Names
- Full name: Robina Football Club
- Nickname(s): Roos

Club details
- Founded: 1996; 29 years ago
- Competition: AFL Queensland
- President: Tory King
- Coach: Teddy Fenton
- Captain(s): Jason Winkler
- Ground(s): Cnr Scottsdale Drive & Prospect Court

Uniforms
| Home |

Other information
- Official website: robinaroos.com.au

= Robina Roos =

Robina Roos Football Club (nicknamed The Roos) is an Australian rules football club based in Gold Coast, Queensland. The team currently competes in the SEQAFL Div 2.

==History==
Robina first formed in 1995 as a break-away from the Burleigh Bombers and played its first game in 1996. The first few years were tough as there was a lot of restrictions in place so that other club's players were not poached.

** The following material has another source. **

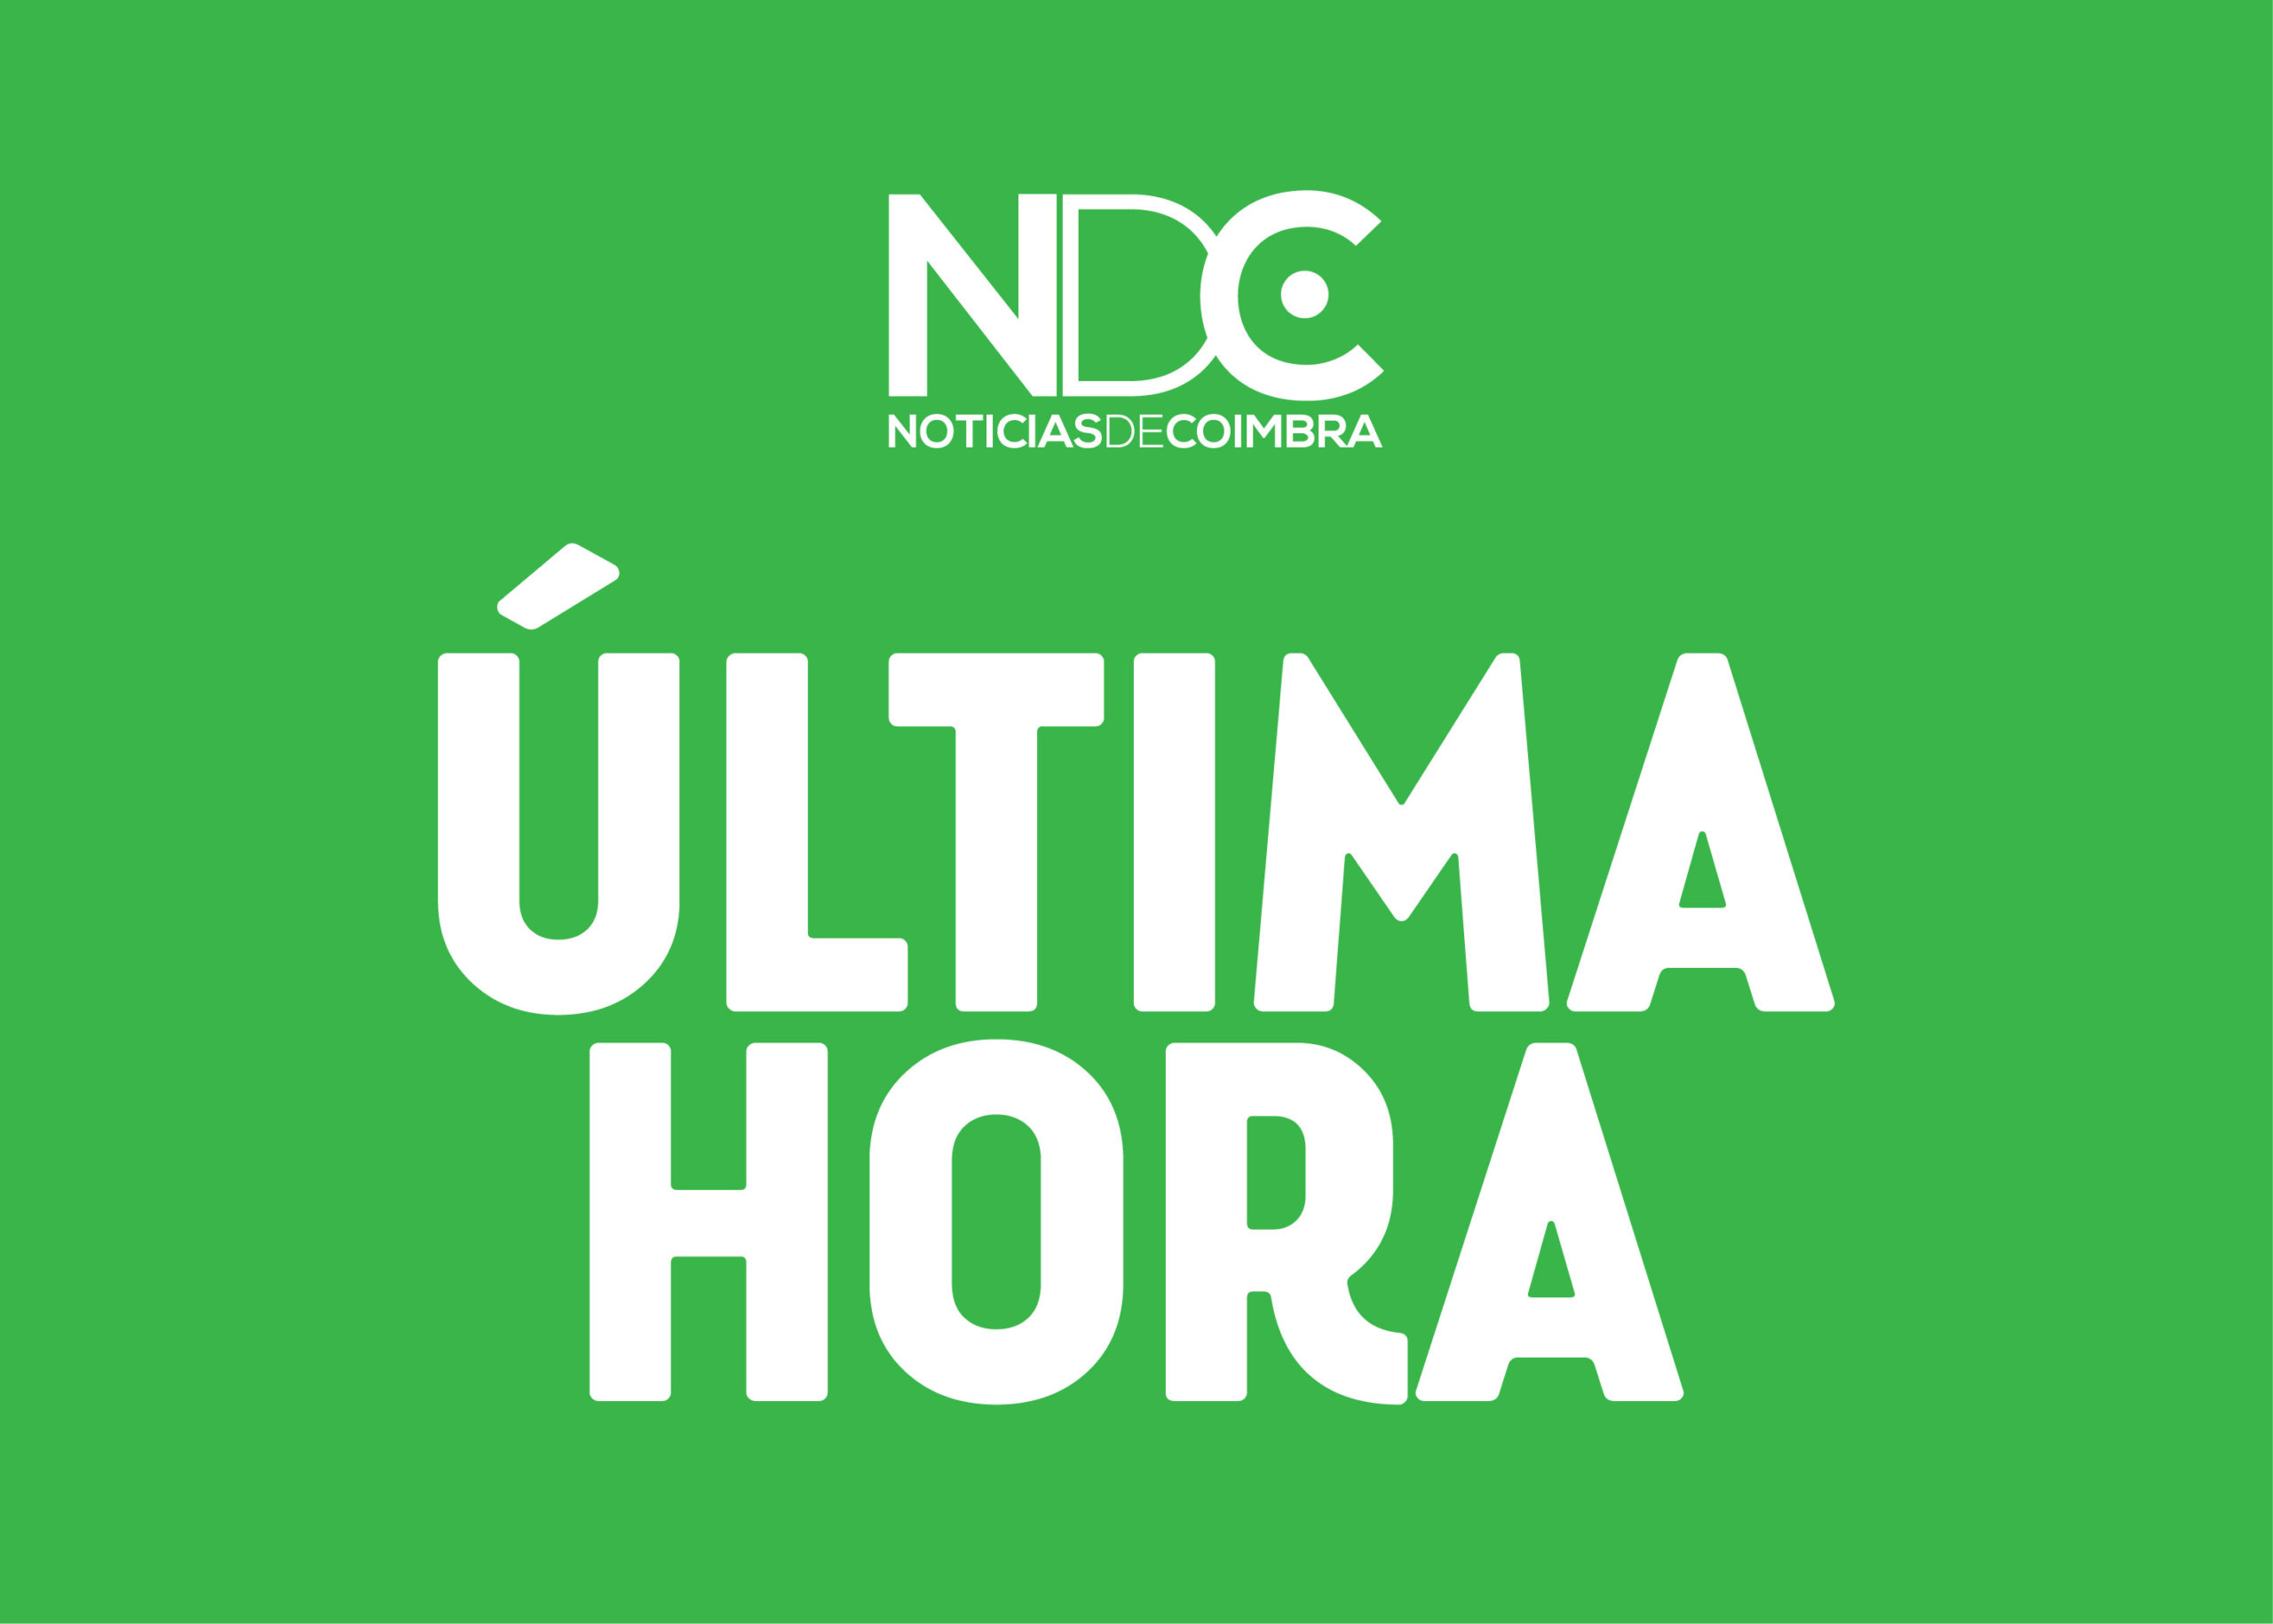 https://www.noticiasdecoimbra.pt/wp-content/uploads/2020/05/ultima-hora-ndc-scaled.jpg

Playing against the likes of Labrador, Broadbeach, Palm Beach and Coolangatta, Robina did struggle and only won 2 senior games in its first 3 seasons.

===1999===
Things turned around with a move back to Pizzey Park, the club secured the services of Brett Thompson from Southport's GCAFL side with a host of ex Southport players and beat all sides throughout the year except for eventual premiers Palm Beach. The Roos played in its first final against Burleigh and beat them to play off against Surfers Paradise in the prelim final. The game went into overtime and Surfers won with nearly the last kick of the game.

===the state league===
The season was disappointment in a revamped 16 team comp including Gold Coast, Brisbane and Sunshine Coast sides. The Roos finished last but did manage to beat Springwood, North Shore and had a draw with Caloundra.

===2001===
The Roos were demoted to AFLSQ second division where they found their feet again and recruited quite well to be once again competitive. The Roos beat eventual premiers Coorparoo twice throughout the season but found it hard to beat Redcliffe and Ipswich. The Roos were well beaten in the first semi final against Ipswich.

===2004 & 2005===
The Roos won back to back flags by defeating Ipswich on both occasions.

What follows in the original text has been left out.